▶ _Input data_
---------------

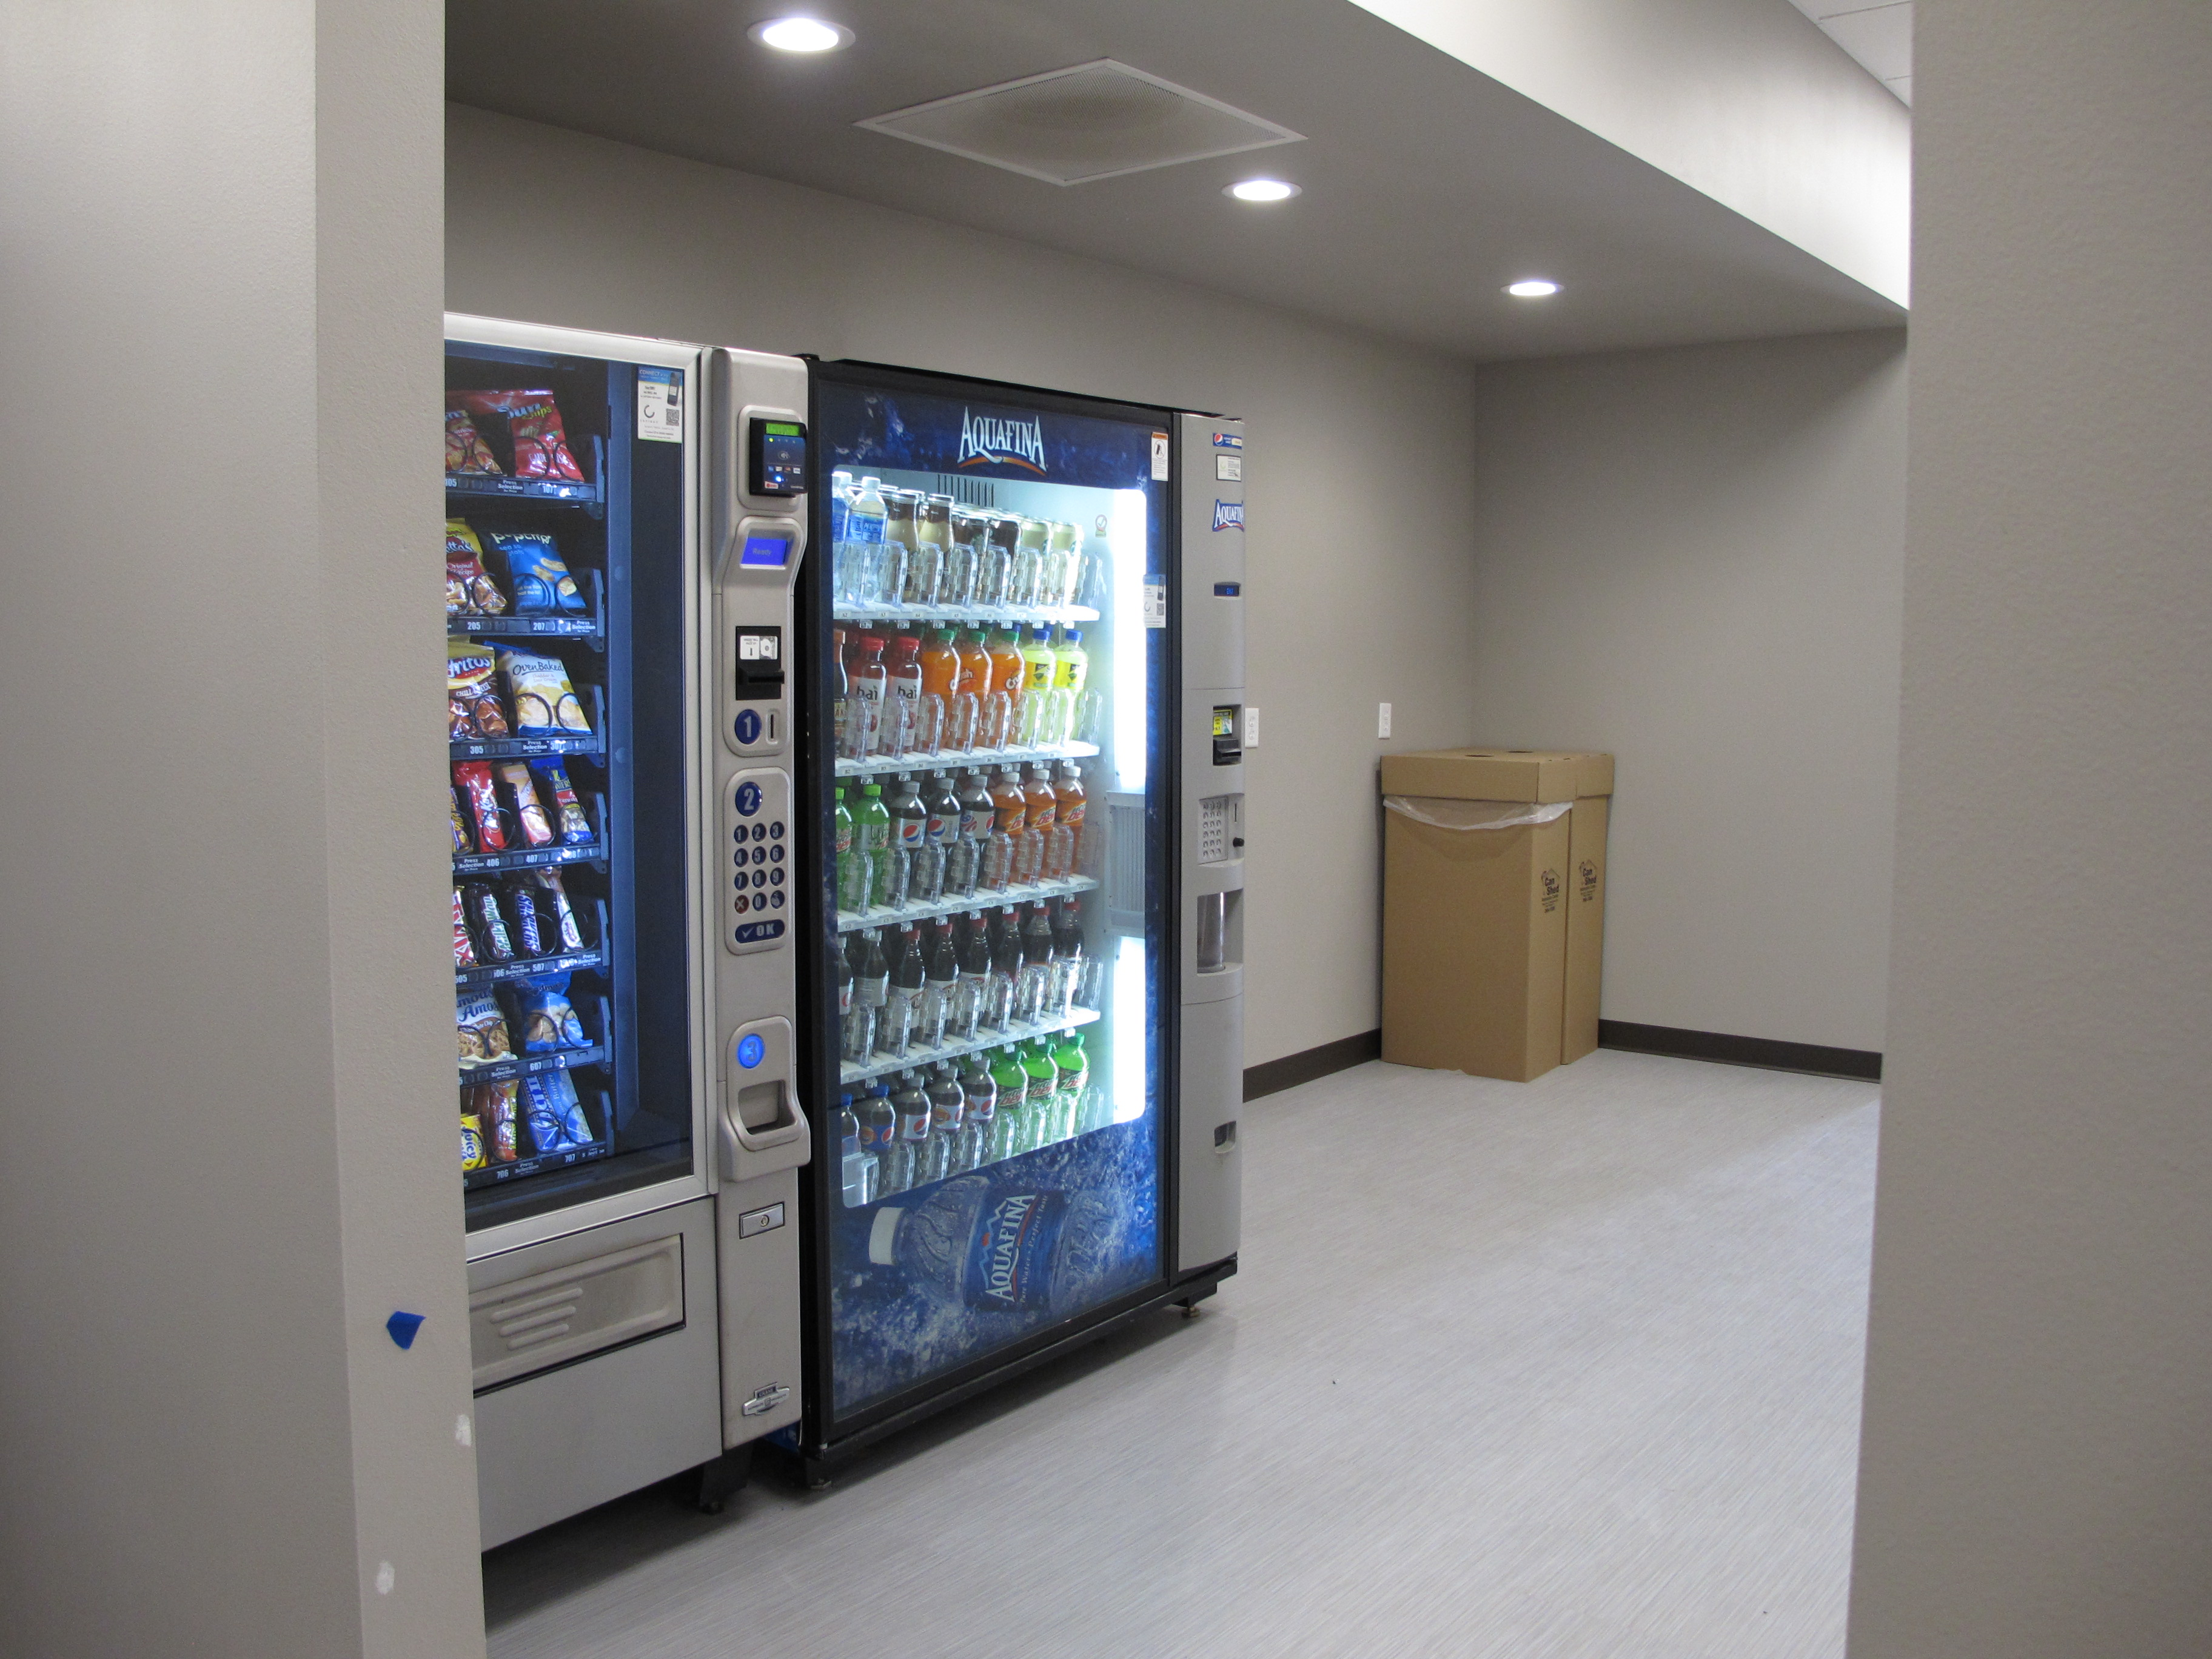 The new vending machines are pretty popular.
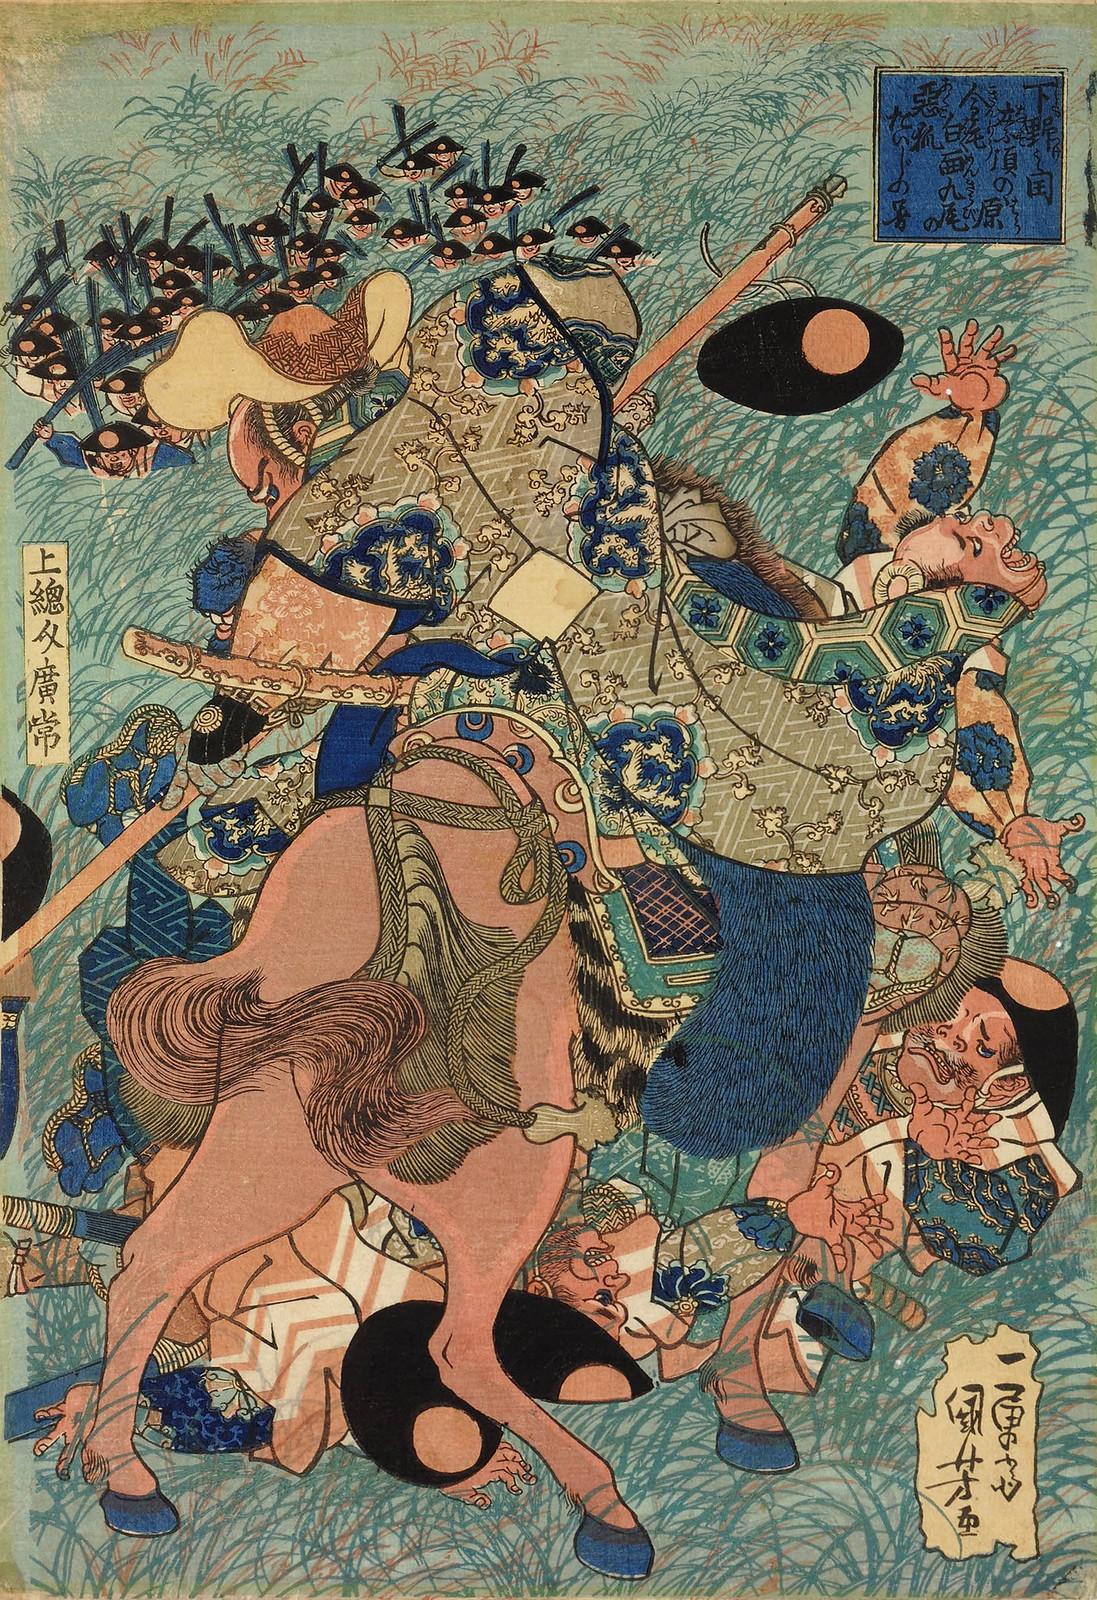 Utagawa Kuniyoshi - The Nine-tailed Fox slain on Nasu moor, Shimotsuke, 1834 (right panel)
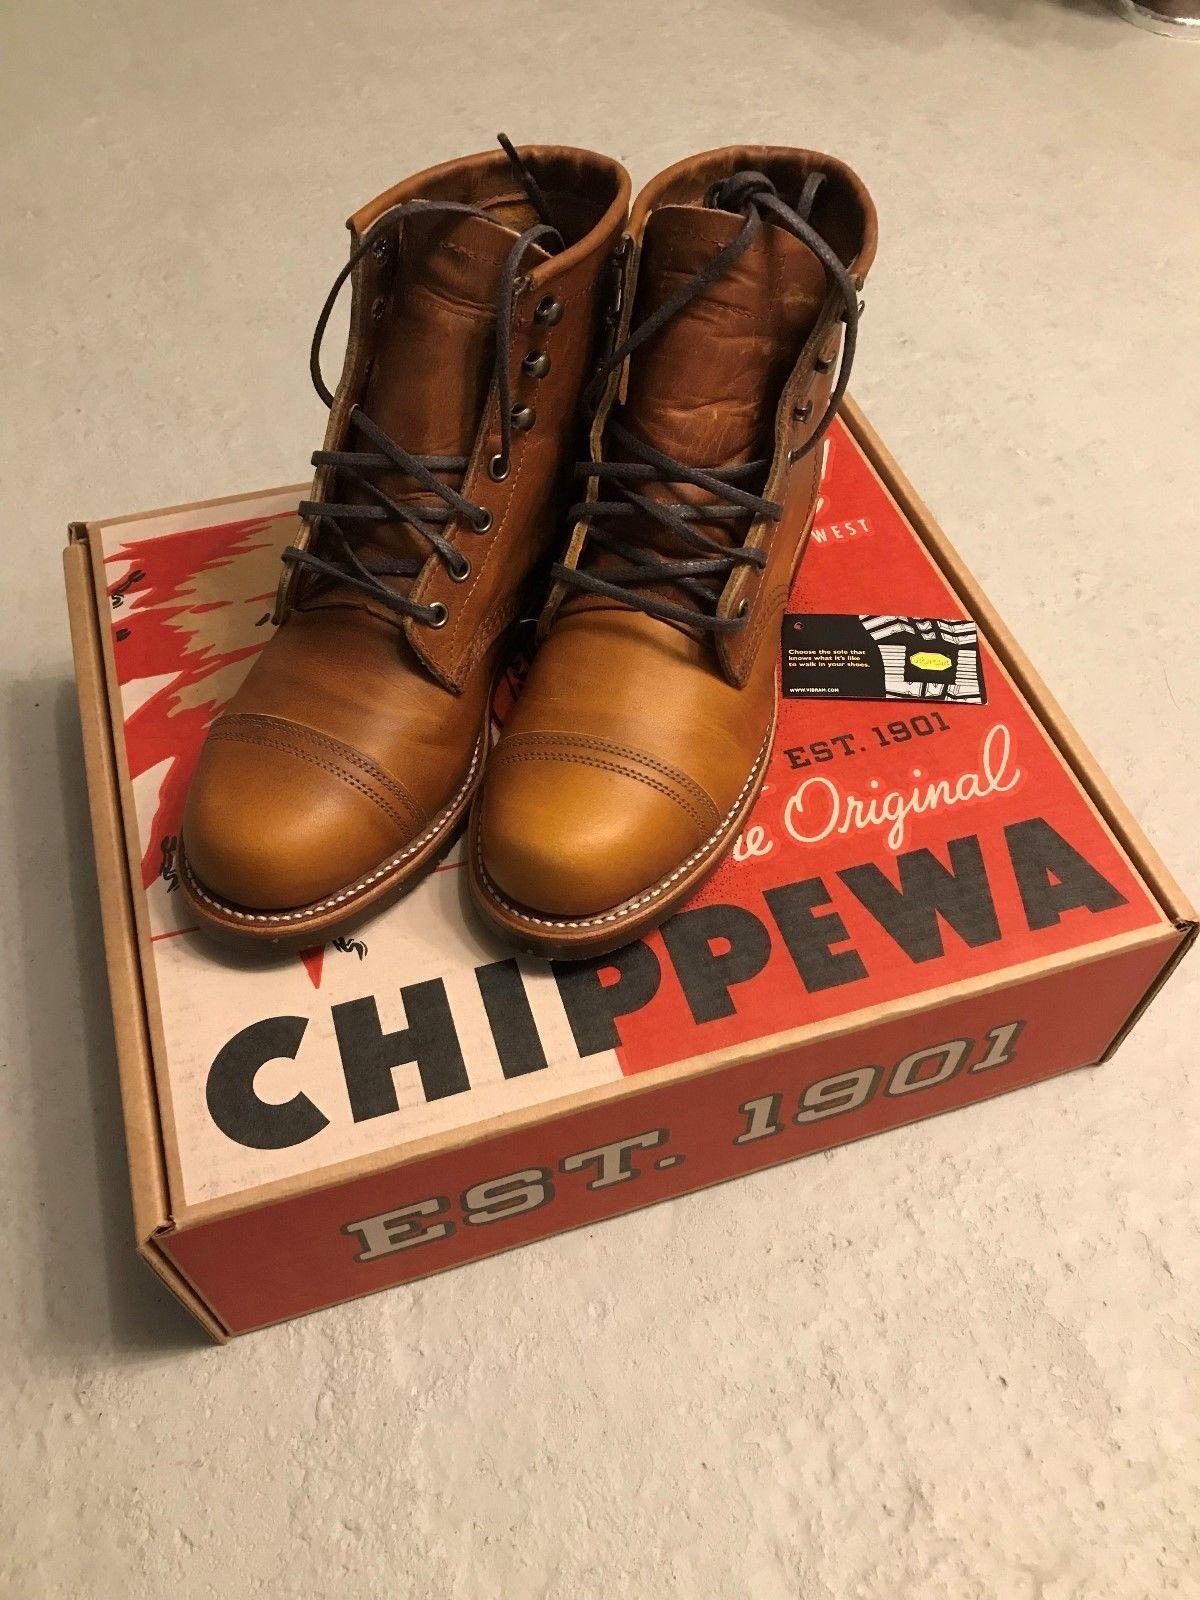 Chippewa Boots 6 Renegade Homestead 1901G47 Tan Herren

---------------

▶ _Work request_
Leaving aside the pictures, copy the listing above exactly.

▶ _Response to the task_
 The new vending machines are pretty popular.
 Utagawa Kuniyoshi - The Nine-tailed Fox slain on Nasu moor, Shimotsuke, 1834 (right panel)
 Chippewa Boots 6 Renegade Homestead 1901G47 Tan Herren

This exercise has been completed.